# Ireland Timeshares?



## SpikeMauler (Aug 1, 2014)

Hello everyone. We're thinking about trading our Marriott St Thomas plat week for a week in Ireland. We trade through Interval and there's six timeshares to choose from. 1) East Clare Holiday Village 2) Killarney Country Club 3) Kiltannon Home Farm 4) Old Killarney Village 5) Renvyle Strand 6) Seasons at Knocktopher Abbey. Has anyone stayed at any of these timeshares and can give me a little info? We've never been to Ireland before and are curious if any of these timeshares are worth trading my MFC plat week for. There are only few reviews on TUG and some some are pretty old. Thanks


----------



## Passepartout (Aug 1, 2014)

In general, European timeshares are not up to the standards of run-of-the-mill American TSs, and waaaay below the accustomed standards of Marriott.
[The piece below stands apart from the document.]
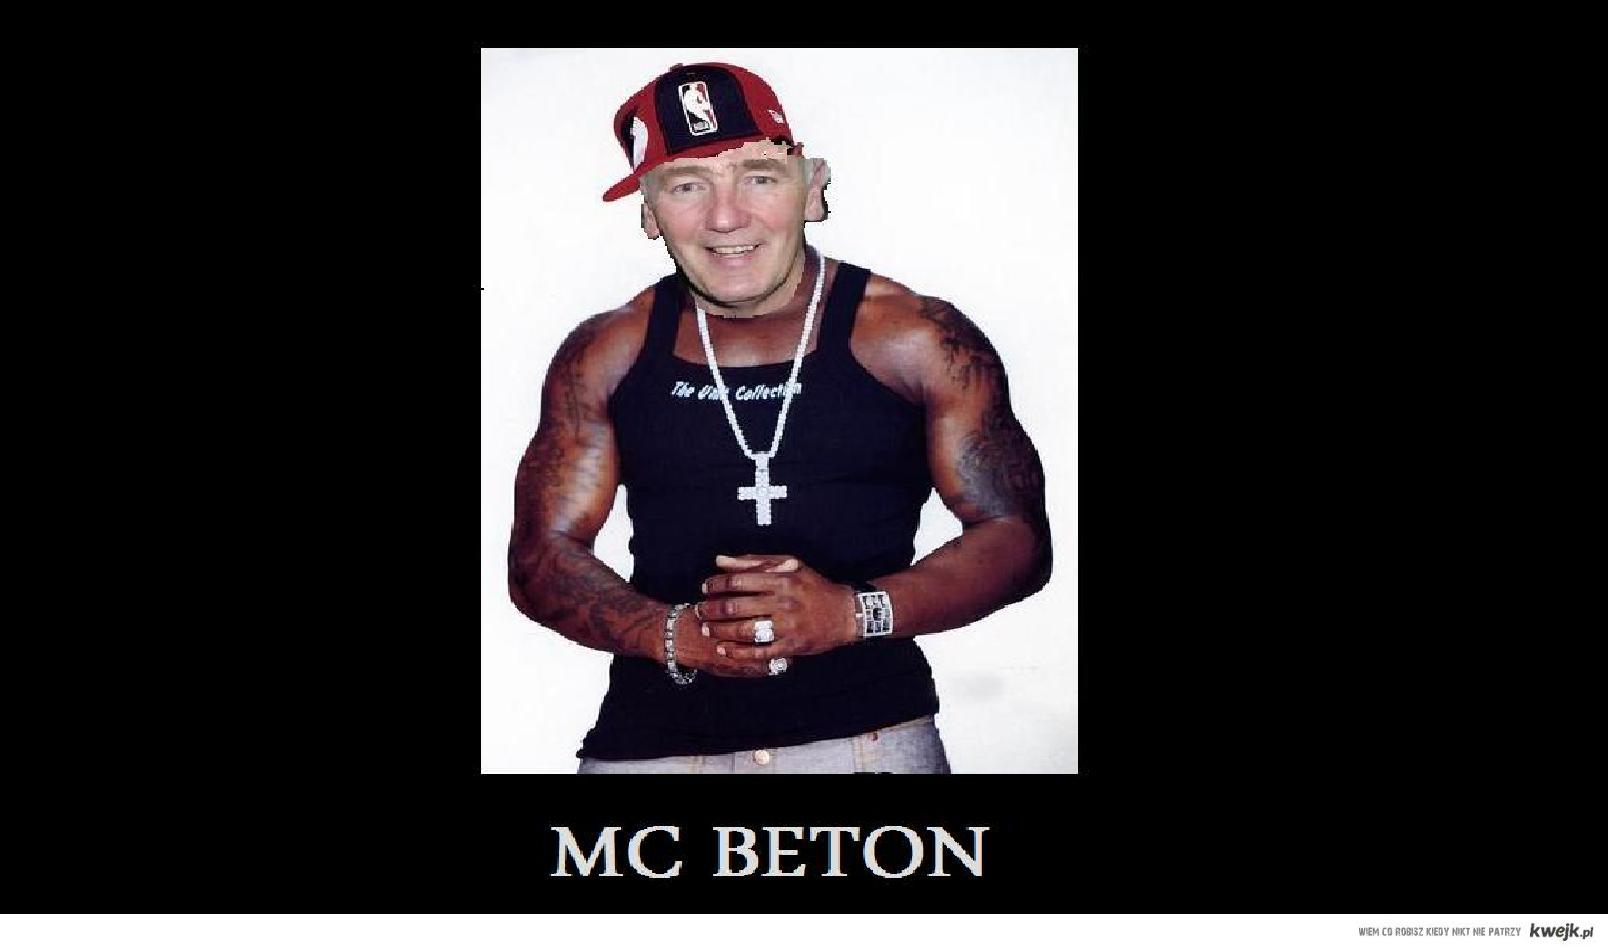 Mc Beton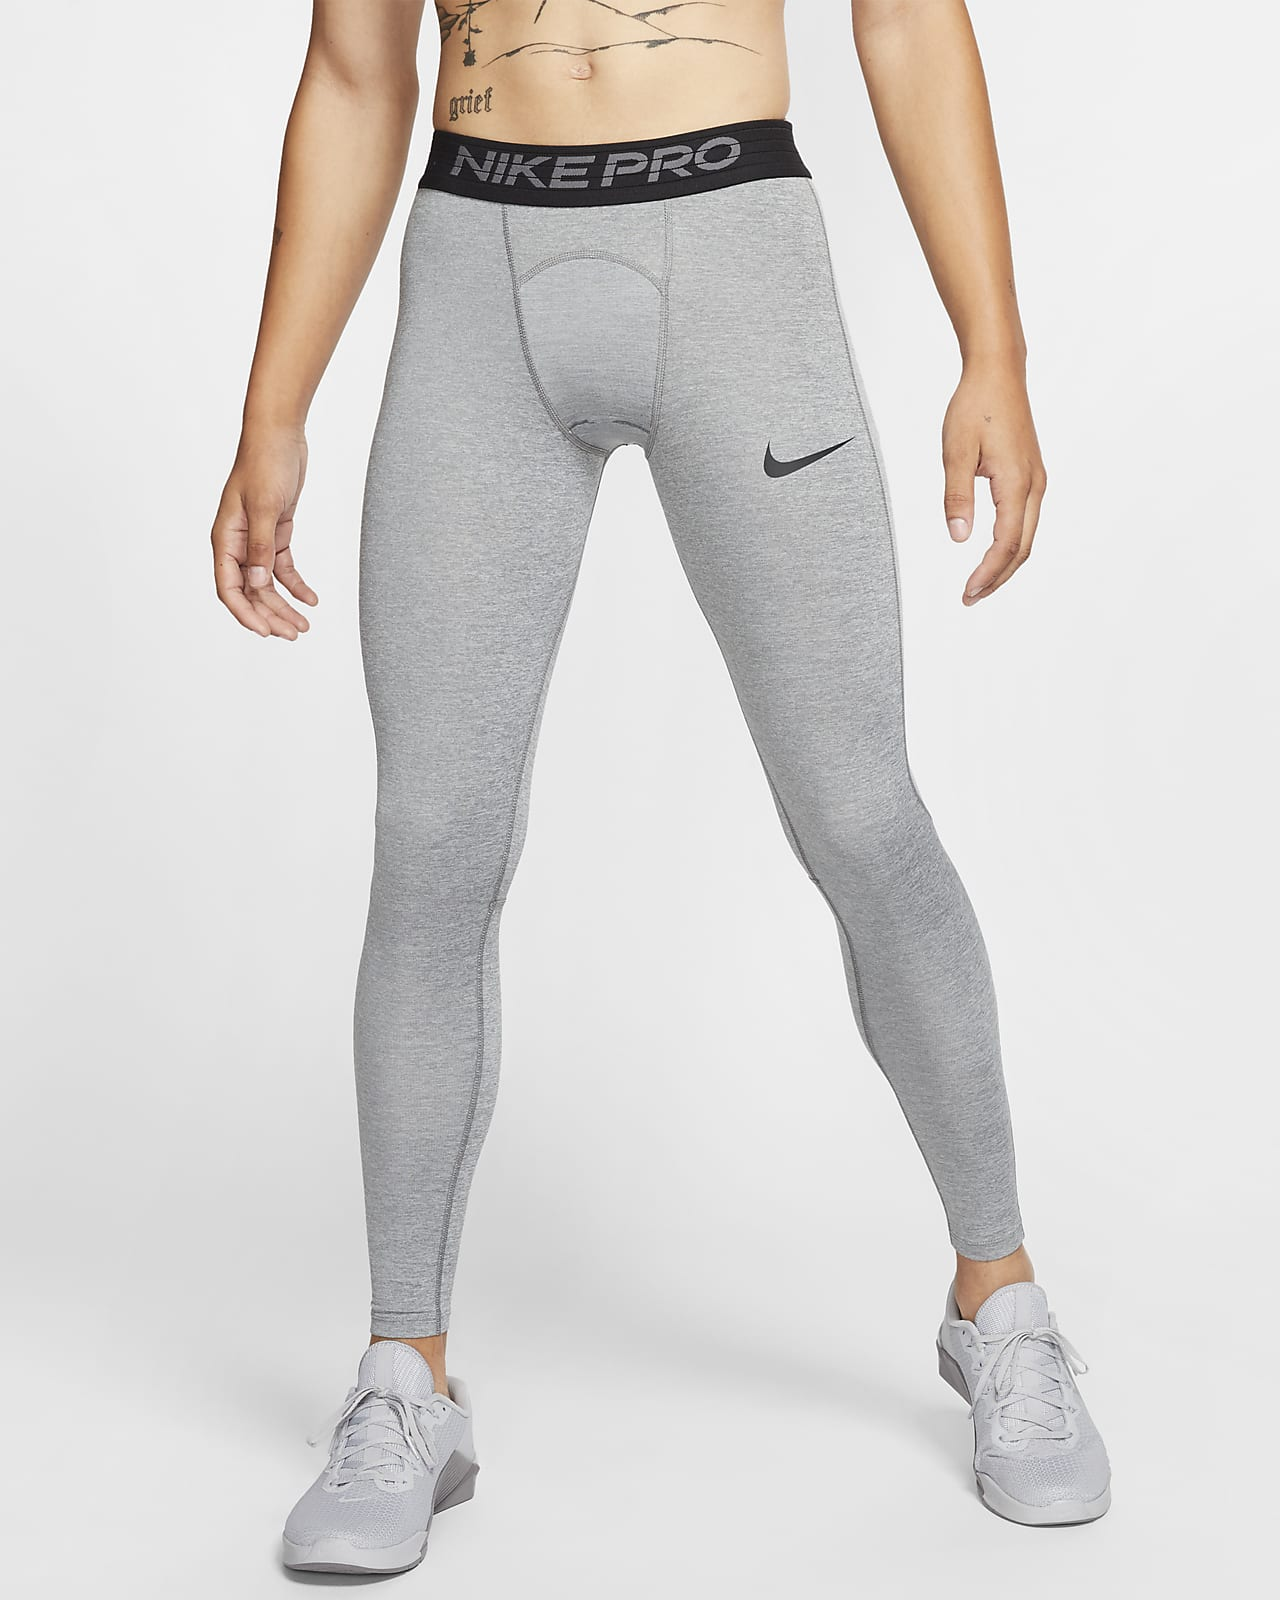 Мужские тайтсы Nike Pro

On the other hand, none of the Marriotts I'm familiar with have Ireland or Scotland right outside the door.

If it was me, I'd sign up for one of the 'fly, drive, and castle stay' trips (here's one: http://www.gate1travel.com/europe-travel/ireland-self-drive-8diecsfdfcaw14.aspx ) to the Emerald Isle, and save my timeshares for places where they are.

Jim


----------